1/2MS培養基是液體培養基，生長速度快，外部形態生長正常，無縮短變粗現象，但表皮褐化較快，只有根尖保持乳白色，4周時已經能夠長滿培養液（圖 6）。

由于固體和液體培養基中，生長最快的經過4周左右即可長滿培養基，故選取4周的毛狀根進行生物量和白藜蘆醇的測定。

圖3 MS固體培養基培養的毛狀根

圖4 MS+500mg/mL羧芐西林鈉固體培養基培養的毛狀根

圖5 N6固體培養基培養的毛狀根

圖6 1/2MS液體培養基培養的毛狀根

2.3 不同培養基中毛狀根生物量測定

選取4周的毛狀根進行生物量測定，不同培養基之間的生物量如表1所示。

表1 不同培養基毛狀根生物量測定及分析

對不同培養基之間的生物量進行統計分析，結果顯示，不同培養基之間生物量的變化明顯不同，4周內，1/2MS培養基和MS培養基花生毛狀根的生物量積累明顯要快；MS+羧芐西林鈉（500mg/L）、B5和N6的培養基上花生毛狀根生物量的積累慢，產量遠低于1/2MS培養基和MS培養基上的毛狀根，1/2MS培養基和MS培養基之間無差異，但與其他3種培養基差異極顯著，但MS+羧芐西林鈉（500mg/L）、B5和N6的培養基之間有差異顯著但無極顯著性差異。說明不同培養基對毛狀根生物量的積累有明顯差異，其中1/2MS培養基和MS培養基有利于毛狀根生物量的積累。

2.4 不同培養基毛狀根中白藜蘆醇含量的測定

根據不同濃度梯度的白藜蘆醇標準品得到HPLC的線性回歸方程：y=7.8×107x+6390，R2=0.9931。由HPLC測定得知白藜蘆醇在tR=5.070附近出峰。根據回歸方程得出供試樣品濃度，計算各樣品白藜蘆醇含量及SAS8.1軟件統計分析如表2所示。

表2 不同培養基毛狀根白藜蘆醇含量測定分析

由表2可見，在不同培養基培養的毛狀根中，B5培養基中培養的毛狀根中白藜蘆醇的含量最高；1/2MS 培養基中的毛狀根中白藜蘆醇的含量最低。MS+羧芐西林鈉（500mg/L）與MS培養基中毛狀根的白藜蘆醇含量差異顯著，但無極顯著差異；B5和N6培養基中毛狀根的白藜蘆醇含量無顯著差異。說明B5和N6培養基適合于以獲得白藜蘆醇為目的的毛狀根培養。

2.5 不同培養基毛狀根中白藜蘆醇的總量

根據毛狀根中白藜蘆醇總量=毛狀根生物量（干重總量）×毛狀根中白藜蘆醇含量，計算出同一培養基中毛狀根中白藜蘆醇的總量，結果（表3）顯示，根據生物量或者白藜蘆醇含量這兩個因素中的任何一個因素的量高或量低，并不能就能確定最終收獲的白藜蘆醇的量多或量少，判定某種培養基是最適合的培養基，或者調整某種培養基，需要結合生物量和白藜蘆醇的含量共同判斷。

表3 不同培養基毛狀根白藜蘆醇總量

3 討論

由于毛狀根起源于單細胞，這些細胞在結構、大小、遺傳和生理生化等特征上各不相同，其代謝狀態和合成次生物質的能力也不同［9］。本試驗選取了PCR技術鑒定為轉染成功并生長旺盛的毛狀根單克隆系作為繼代培養的材料，以期為后續試驗提供一個統一的基礎條件，盡量減少試驗影響因素。
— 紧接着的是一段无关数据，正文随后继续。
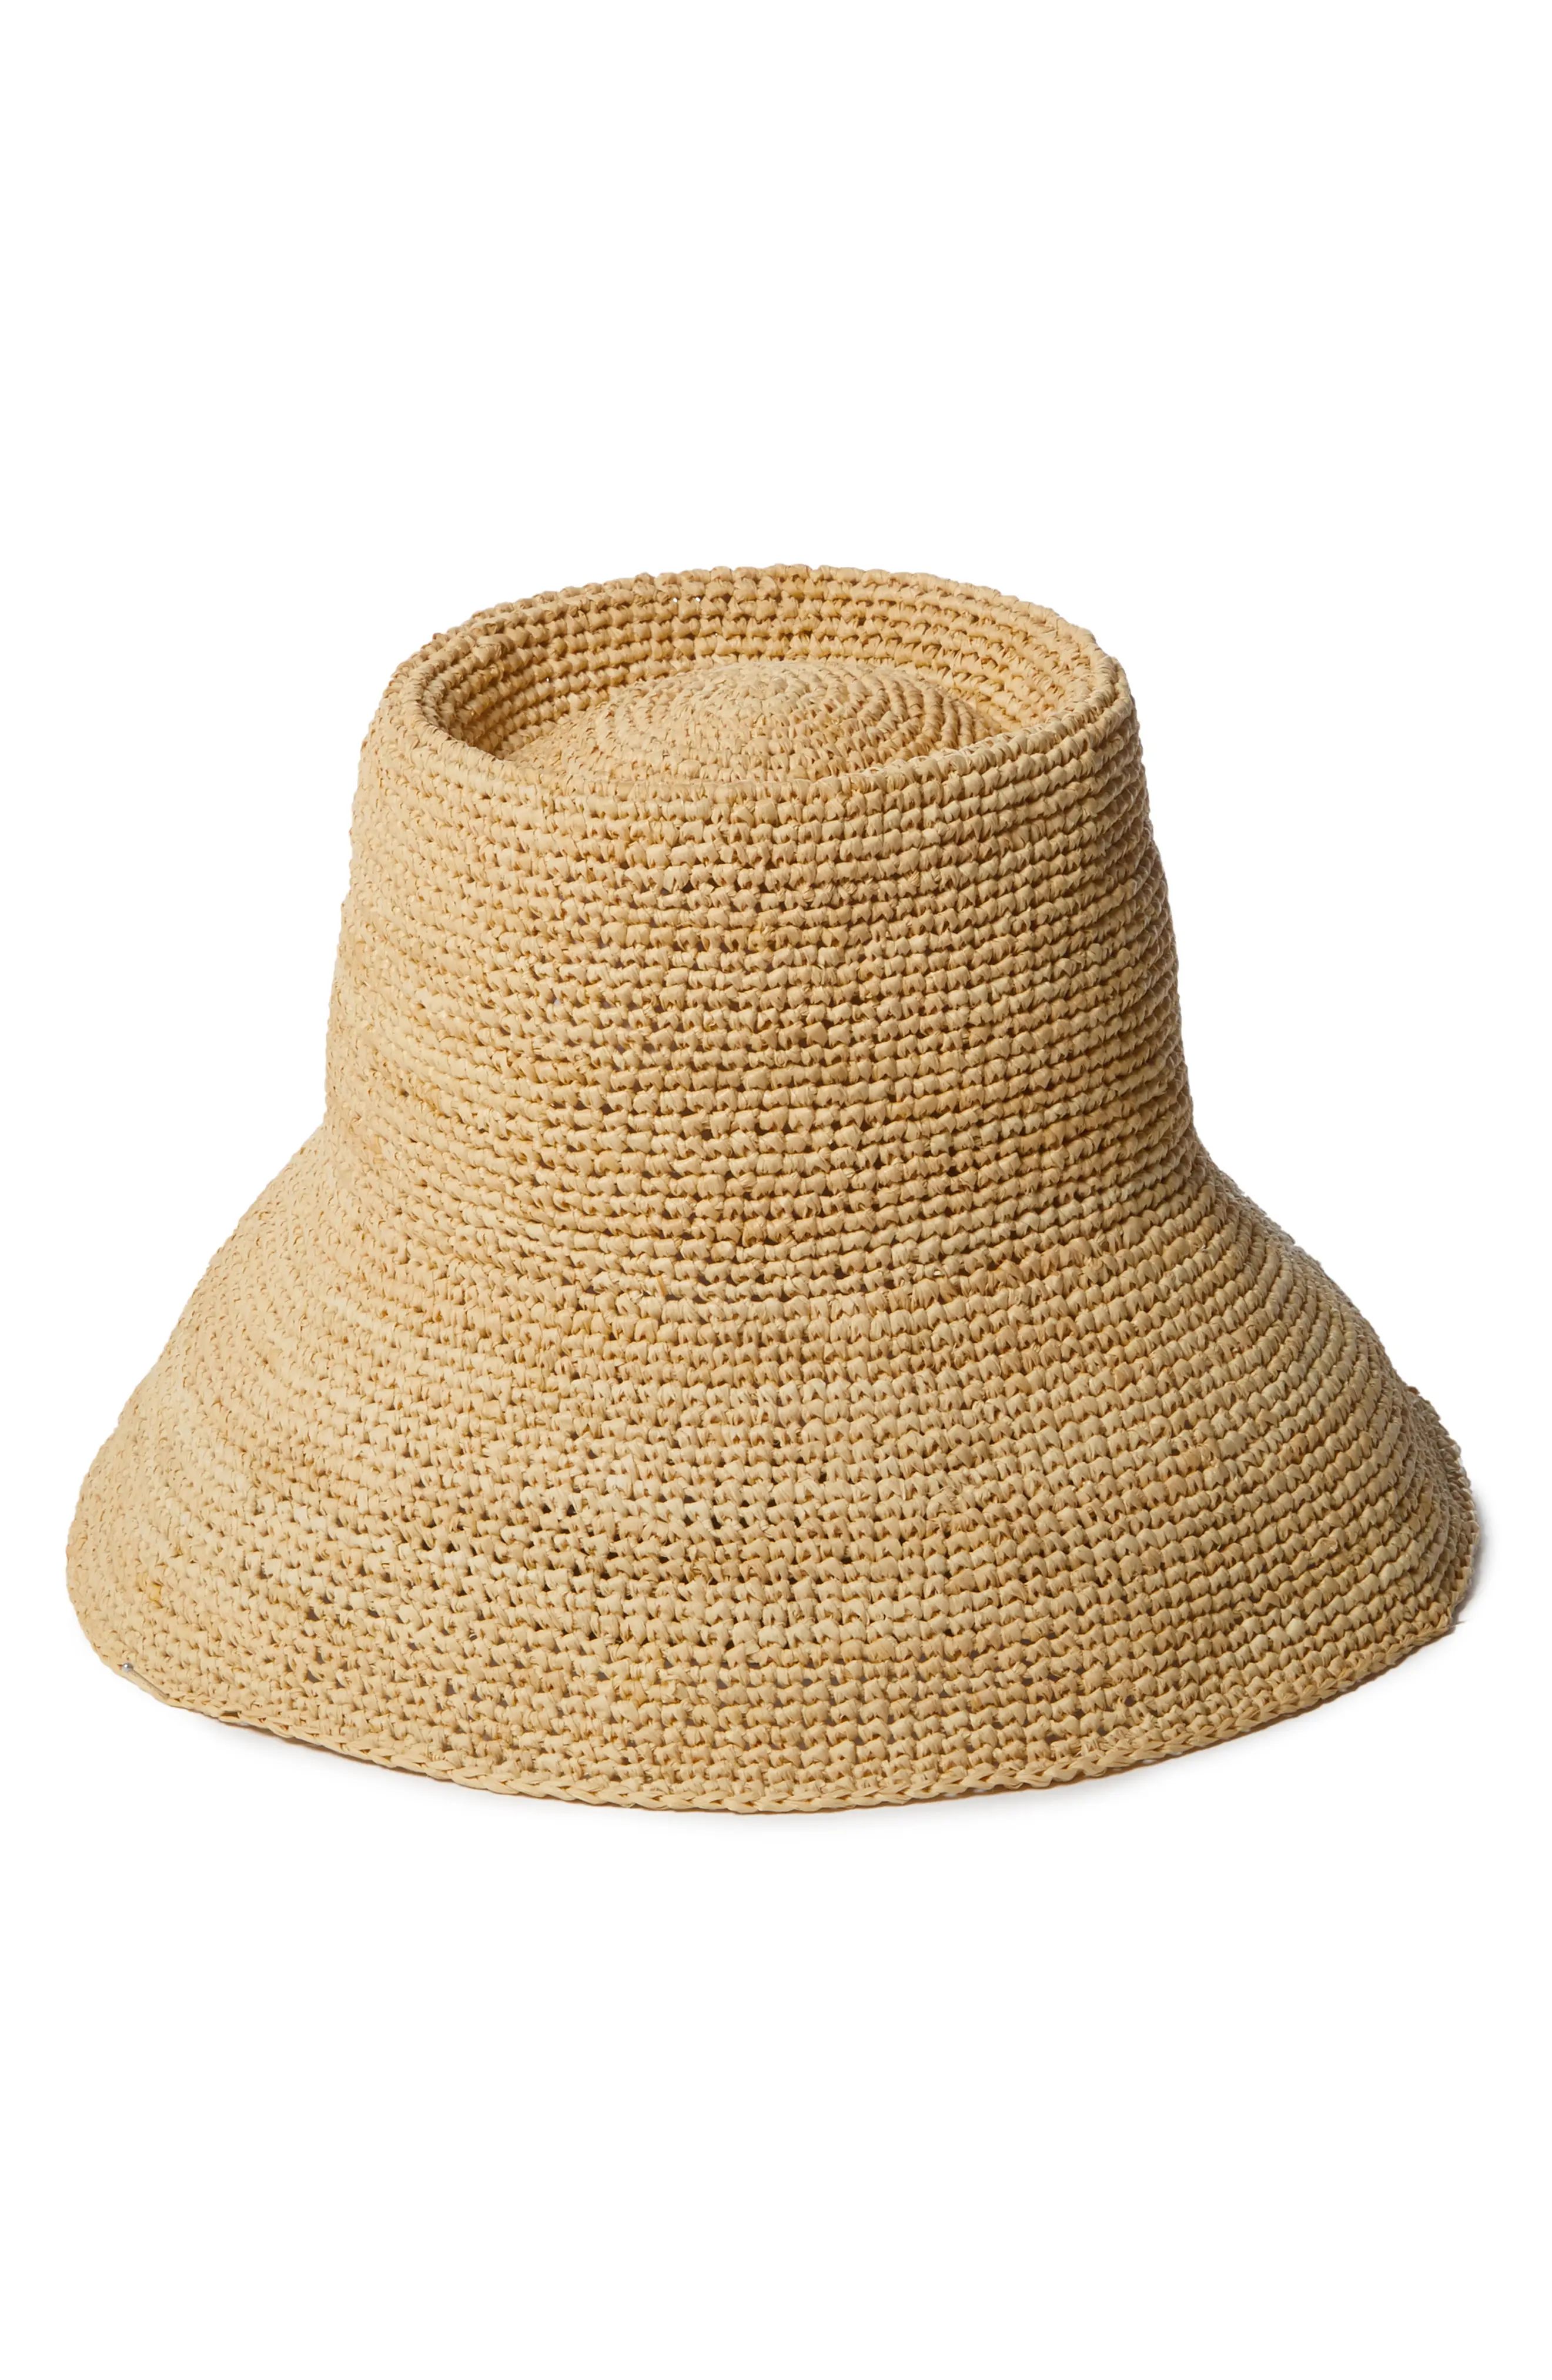 Janessa Leone Felix Raffia Bucket Hat in Natural at Nordstrom, Size Medium | Nordstrom

各種培養基由于所含組分及其比例不同，對毛狀根生長和次生產物的形成有不同的影響［10-16］。本試驗中選取的5種培養基的成分不盡相同，MS培養基是富集元素平衡培養基［17］，成分較多，營養元素豐富；1/2MS培養基是在MS培養基基礎上不添加瓊脂粉外對各成分減半獲得，B5和N6培養基是高硝酸鉀含量培養基［17］。試驗顯示1/2MS和MS培養基有利于生物量的積累，這可能與其營養元素全面相關，毛狀根的生長是細胞不斷分裂和生長的結果，涉及的生化代謝過程特別復雜，培養基成分全面就有助于這些生化過程的進行，有助于生物量的積累。而添加了抗生素后由于抗生素的作用，生物量降低，說明羧芐西林鈉對毛狀根的生長有抑制作用。而B5和N6培養基由于屬于高硝酸鉀含量培養基，營養物質種類較MS培養基少，顯示出相同時間內生物量的積累要低，說明不同培養基對毛狀根的生物量積累是有很大影響的，進行培養基的選擇，是培養毛狀根獲得高生物量的前提。
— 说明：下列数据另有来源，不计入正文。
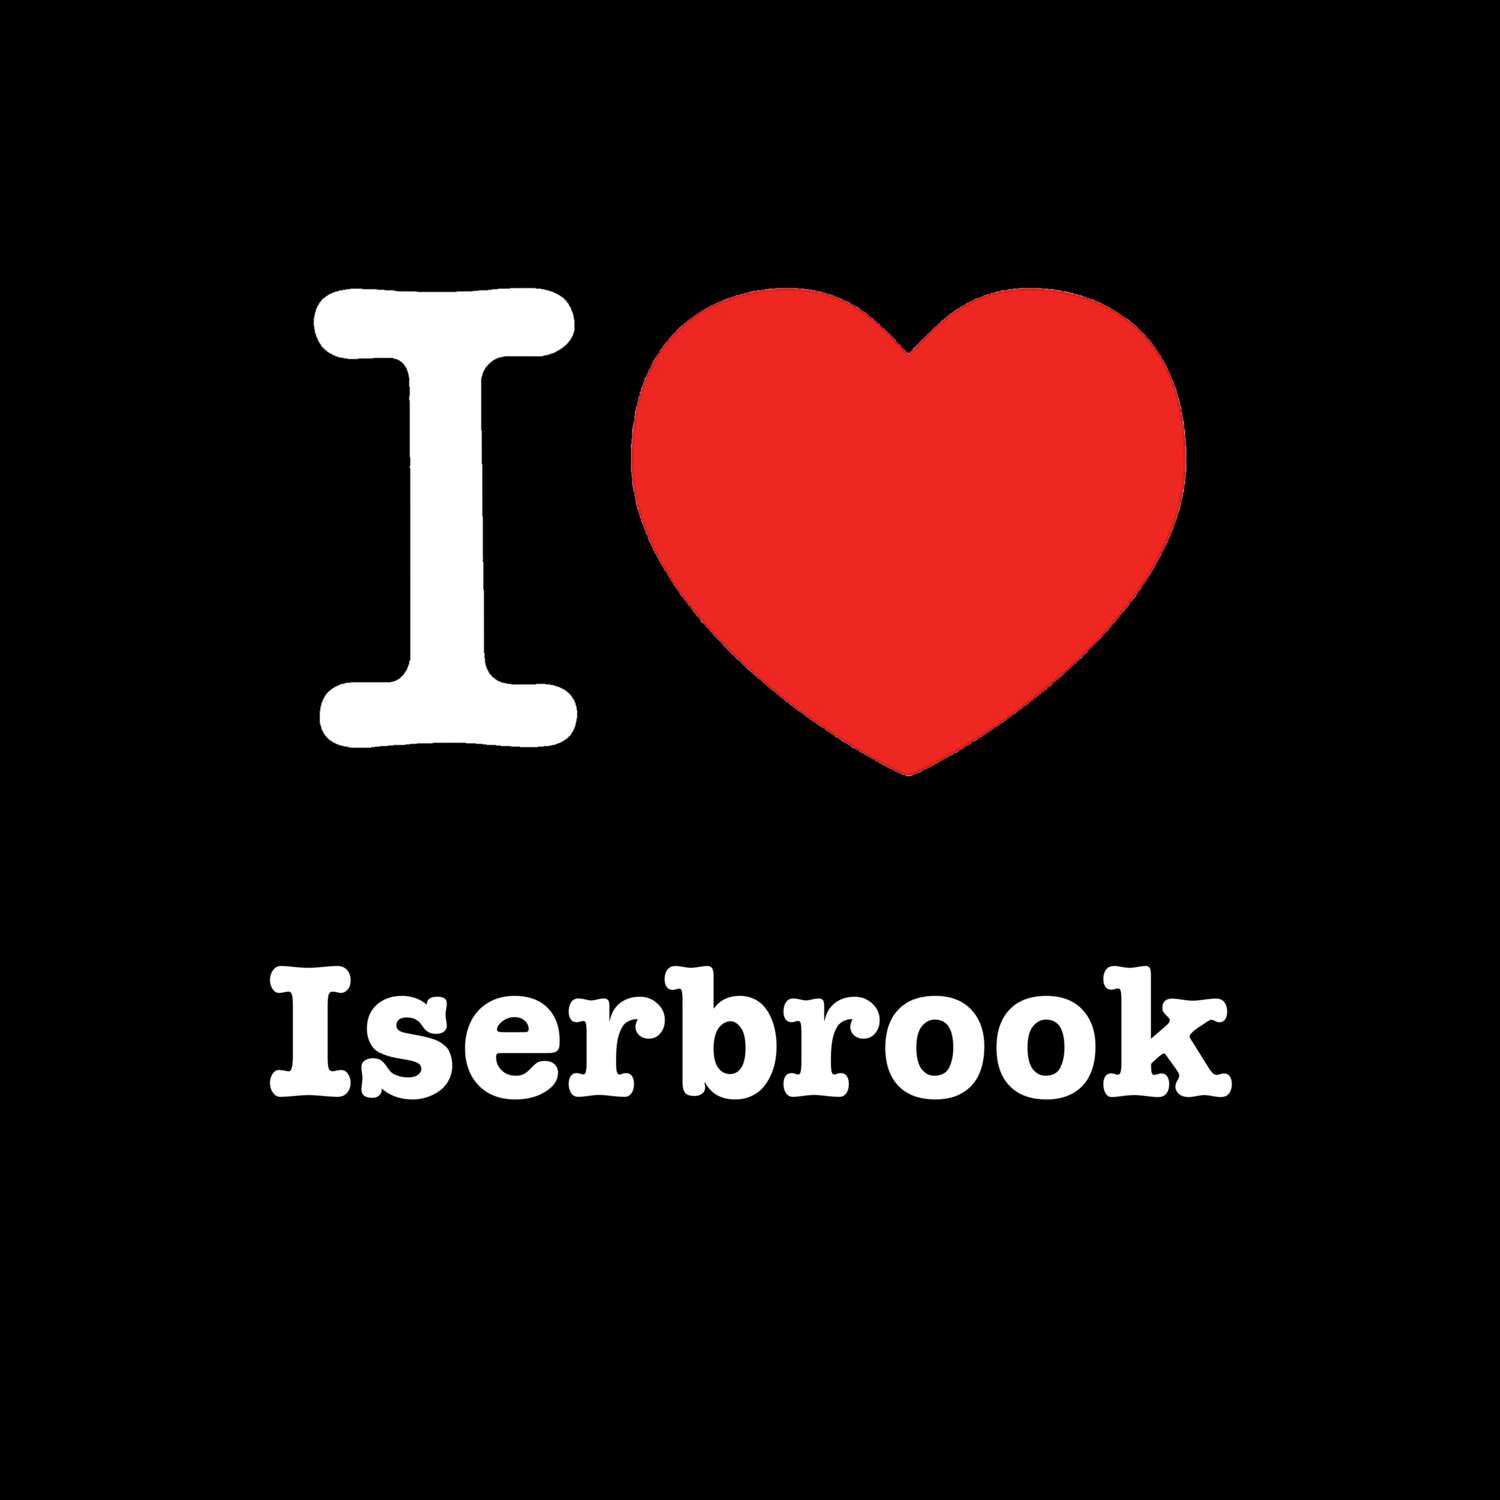 Iserbrook T-Shirt »I love«

培養基中銨態氮和硝態氮之間的比例也會影響毛狀根生長和次生代謝產物的合成［11，18］。本試驗中，B5和N6培養基最有利于白藜蘆醇量的積累，顯著優于MS和1/2MS培養基。而這可能是由于B5和N6是屬于高硝酸鉀含量培養基，硝態氮比例高，在白藜蘆醇的合成過程中有助于其中的生化代謝途徑，從而提高了毛狀根中的白藜蘆醇含量。

本試驗表明根據單一的生物量或者白藜蘆醇含量，并不能判定某種培養基是最適合的培養基，需要結合生物量和白藜蘆醇的含量共同判斷，因此生物量和白藜蘆醇含量這兩個因素為選擇或者改進培養基提供了重要的依據，也為今后的試驗研究提供了思路，今后應向尋求毛狀根生長速度與白藜蘆醇含量達到最佳結合的培養基種類探索，使之達到生產上的最大效益。

4 結論

探究了不同培養基對花生毛狀根株系生物量積累和白藜蘆醇含量的影響，表明1/2MS培養基和MS培養基有利于花生毛狀根株系生物量的積累，B5培養基和N6培養基有利于花生毛狀根株系中白藜蘆醇的積累。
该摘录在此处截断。